Respondents’ fear of having their physical appearance negatively evaluated by others (five items; e.g., “I worry that people will find fault with the way I look”) was measured using the French version [22] of the Fear of Negative Appearance Evaluation Scale (FNAES) [23]. These items were rated using a five-point scale ranging from not at all (1) to extremely (5).

Eating-related pathology

Adolescents’ eating-related pathology was assessed using the 18-item French version for adolescents [24] of the Eating Attitudes Test (EAT-26) [25, 26]. This version assesses six dimensions: fear of getting fat (FGF; e.g., “I am terrified about being overweight”), social pressure to gain weight (SPGW; e.g., “I feel that others would prefer if I ate more”), vomiting-purging behaviors (VPB; e.g., “I vomit after I have eaten”), eating-related control (ERC; e.g., “I avoid foods with sugar in them”), eating-related guilt (ERG; e.g., “I feel uncomfortable after eating sweets”), and food preoccupation (FP; e.g., “I give too much time and thought to food”). Participants answer each item using a six-point scale ranging from always (6) to never (1).

Data analysis

The a priori two-factor structure of the WSSQ was examined with a confirmatory factor analysis (CFA). Model fit was assessed based on multiple fit indices [2730]: the Chi-square test of exact fit (χ2), the comparative fit index (CFI < 0.90 indicates “bad” fit; ≥0.90 indicates “acceptable” fit; >0.95 indicates “good” fit), the Tucker-Lewis index (TLI; same thresholds as for the CFI), the root-mean-square error of approximation (RMSEA > 0.10 indicates “bad” fit; > 0.05 and ≤0.10 indicates “acceptable” fit; ≤0.05 indicates “good” fit), and the 90% confidence interval of the RMSEA. The composite reliability of the WSSQ subscales was estimated using McDonald’s [31] omega (ω), which is interpreted in the same way as other reliability coefficients (e.g., Cronbach’s alpha), but provides a more accurate representation of the measurement model.

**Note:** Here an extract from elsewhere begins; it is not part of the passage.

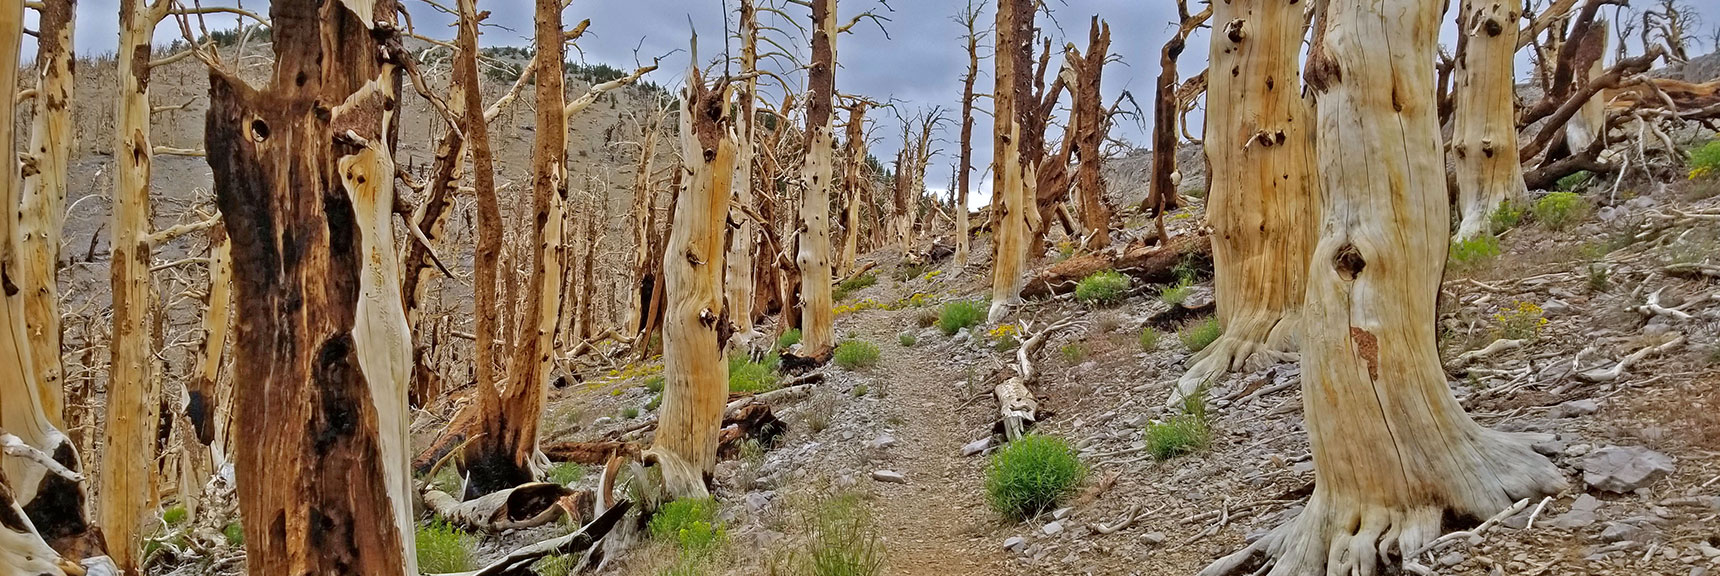 Ancient Trees Over 2000 Years Old Lost in a Moment. Wait 2000 Years for Return of Trees. | Lee and Charleston Peaks via Lee Canyon Mid Ridge | Mt Charleston Wilderness | Spring Mountains, Nevada

The sample was too small to conduct complete tests of measurement invariance as a function of sex. Therefore, DIF and latent mean differences as a function of sex were investigated using a multiple indicators multiple causes approach (MIMIC) [32]. These analyses were performed in the following sequence: (a) a null effects model (the paths from sex to the latent factors and item responses were constrained to be zero); (b) a saturated model (the paths from sex to the latent factors were constrained to be zero, but those to the item responses were freely estimated); and (c) an invariant model (the paths from sex to the latent factors were freely estimated, but those to the item responses were constrained to be zero). The goodness of fit of these models was then compared (null vs. saturated or invariant for the effect of sex on the WSSQ responses; saturated vs. invariant for possible DIF). All model comparisons were based on typical interpretation guidelines [33, 34], with ∆CFI/TLI < 0.01 and ∆RMSEA < 0.015 reflecting an equivalent fit to the data for alternative models.

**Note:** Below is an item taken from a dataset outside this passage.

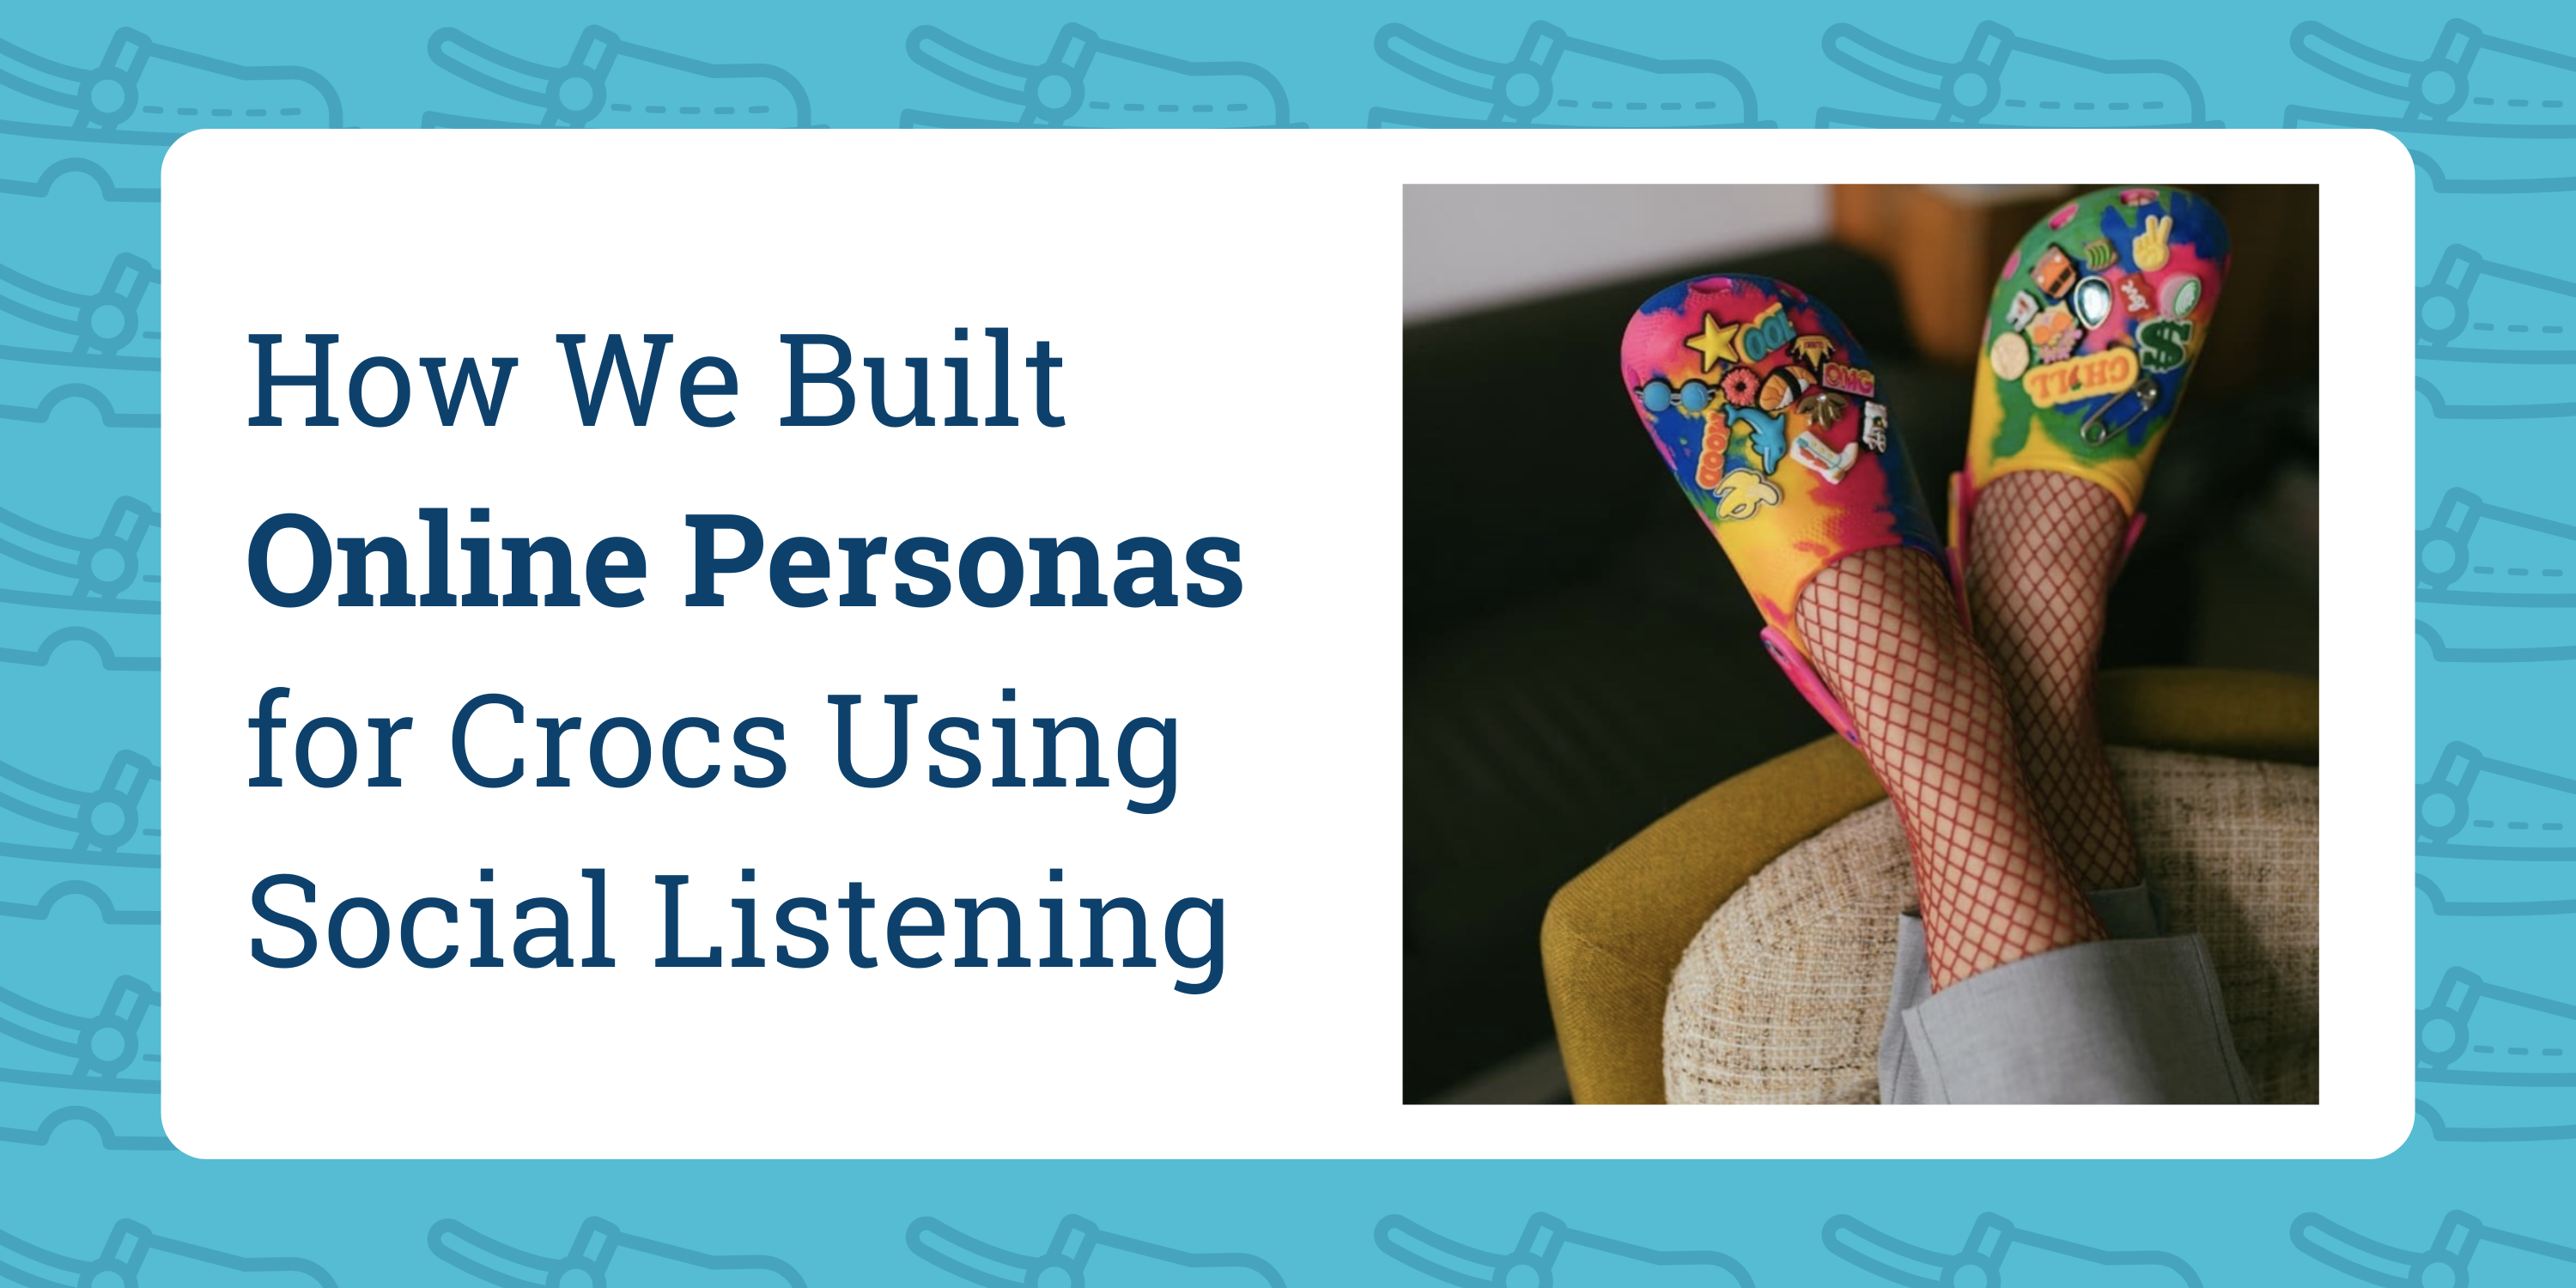 How We Built Audience Personas for Crocs Using Social Listening

Given the relatively small sample available in this study, we elected to rely on latent factor scores rather than fully latent variables to maximize the statistical power of the convergent validity analyses by reducing the number of freely estimated parameters. In addition, as opposed to manifest mean scores, latent factor scores have the advantage of providing a partial level of control for measurement error by attributing higher weight to more reliable items (with higher factor loadings, and thus lower uniquenesses) [35, 36]. Therefore, a CFA was first conducted separately for each instrument used to assess the convergent measures (SDQ-II: self-esteem and physical appearance; HADS: anxiety and depression; FNAES: fear of negative appearance evaluation; EAT: FGF, SPGW, VPB, ERC, ERG, and FP), and the parameter estimates from these measurement models were used to estimate the composite reliability (ω) for each subscale. Second, the latent factor scores from each CFA were saved from these preliminary measurement models using the regression method implemented in Mplus 7.4 [37] as part of the FSCORES command [38] and imported into the main data set. Third, the convergent validity of the WSSQ latent factors with the observed BMI scores, and the latent factor scores for the measures of self-esteem, physical appearance, anxiety, depression, fear of negative appearance evaluation, and eating-related pathology were examined using a structural equation model (SEM).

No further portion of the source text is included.